▸ DATASET EXTRACT:
[Start of Attachment]
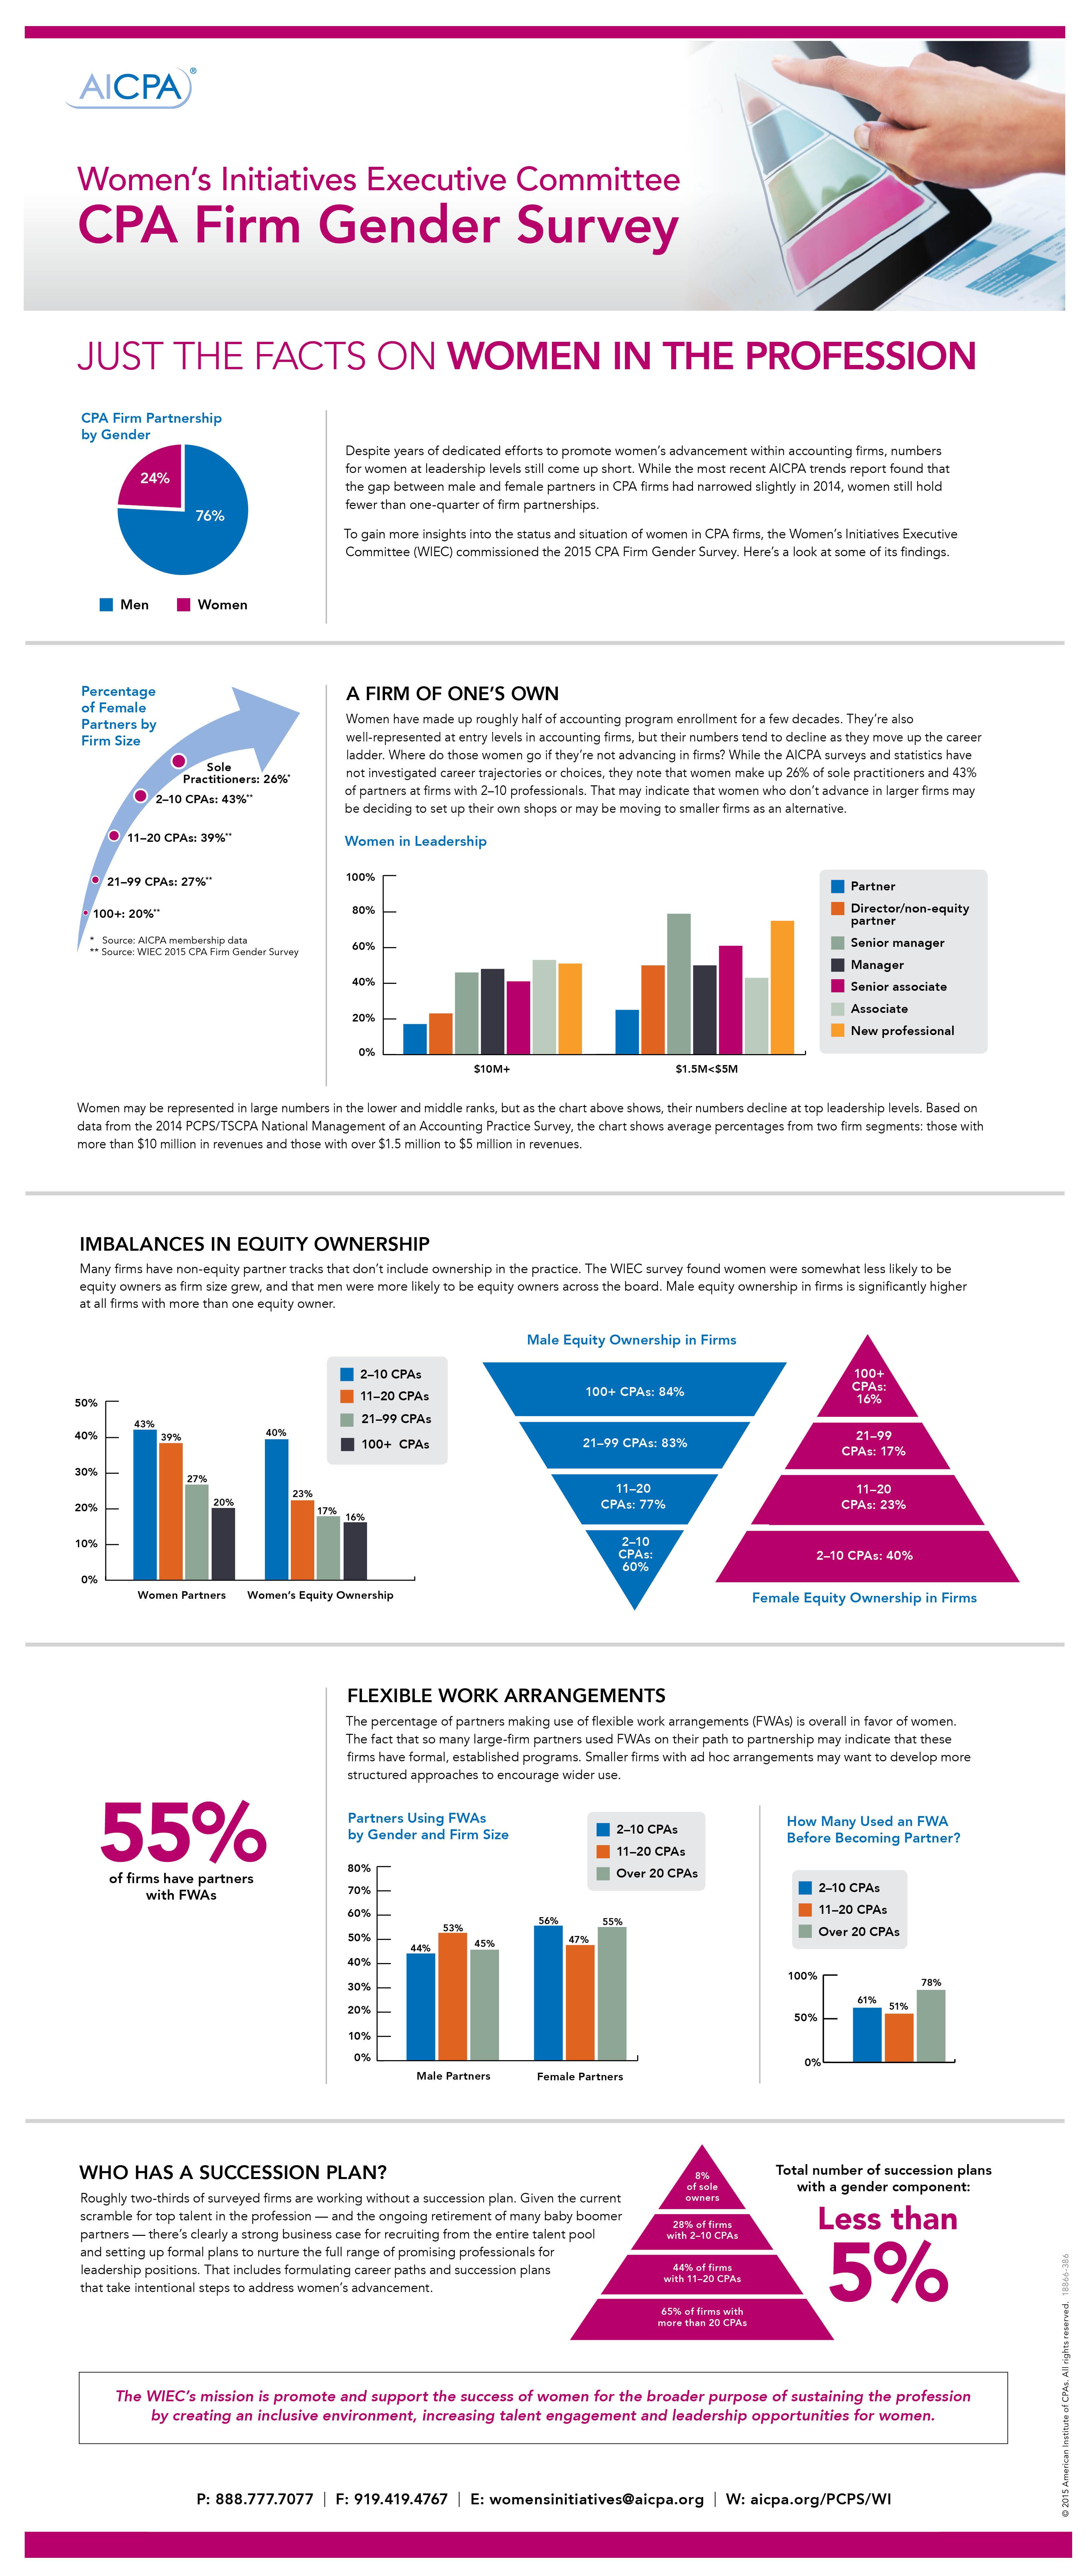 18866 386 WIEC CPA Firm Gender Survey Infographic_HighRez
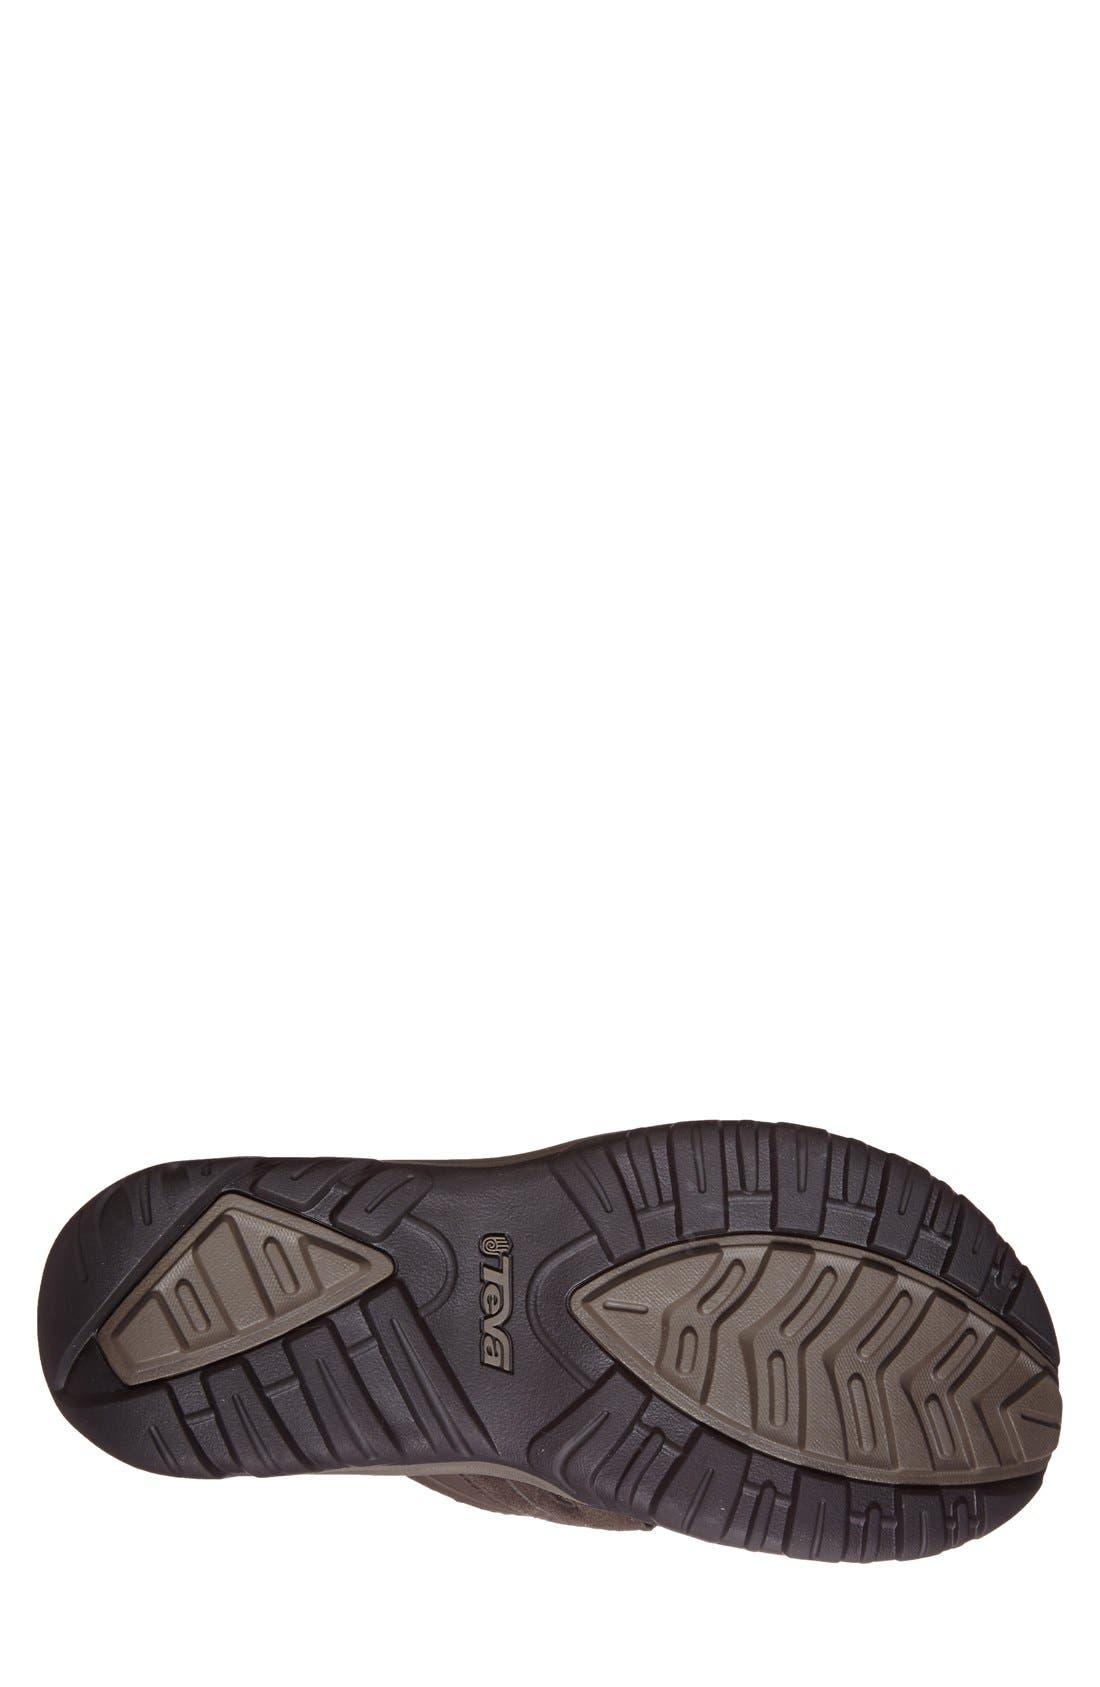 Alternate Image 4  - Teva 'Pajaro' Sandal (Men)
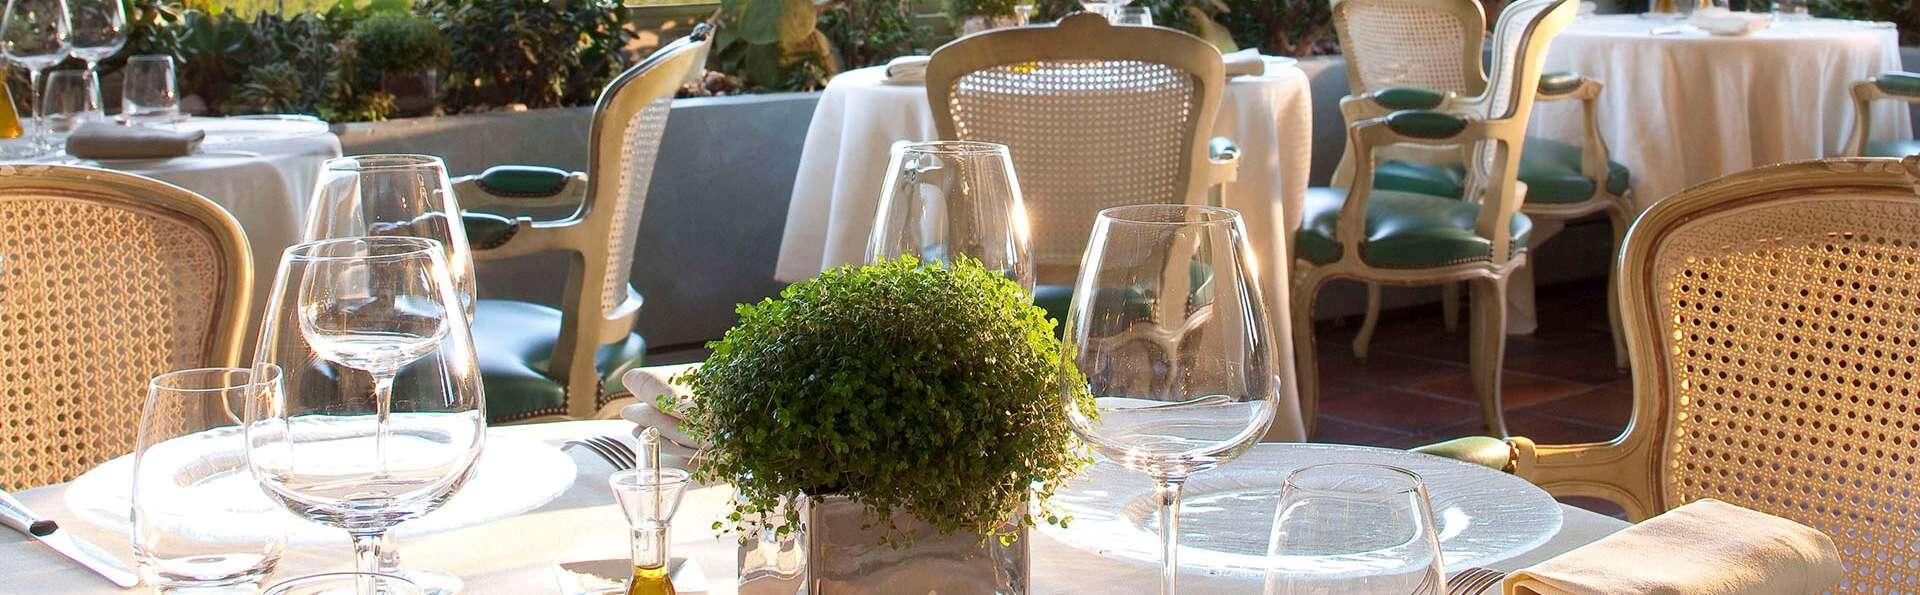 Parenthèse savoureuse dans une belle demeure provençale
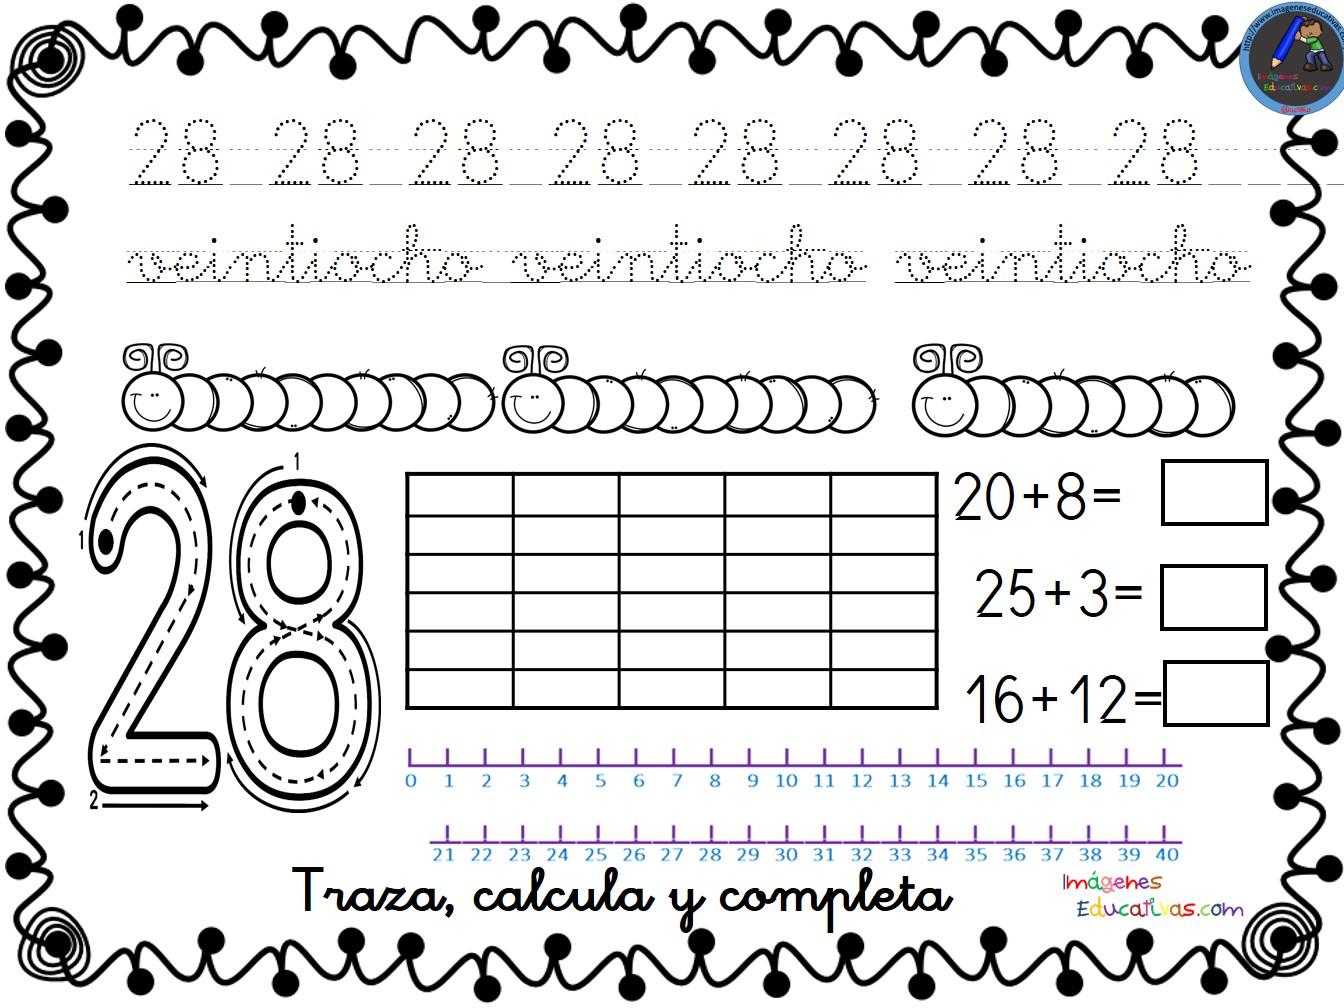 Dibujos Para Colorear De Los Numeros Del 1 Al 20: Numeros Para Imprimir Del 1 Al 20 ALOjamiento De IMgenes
[End of Attachment]
▸ WORK ORDER: For this exercise, transcribe the data exactly but without its pictures.

▸ SOLUTION:
 18866 386 WIEC CPA Firm Gender Survey Infographic_HighRez
 Alternate Image 4  - Teva 'Pajaro' Sandal (Men)
 Parenthèse savoureuse dans une belle demeure provençale
 Dibujos Para Colorear De Los Numeros Del 1 Al 20: Numeros Para Imprimir Del 1 Al 20 ALOjamiento De IMgenes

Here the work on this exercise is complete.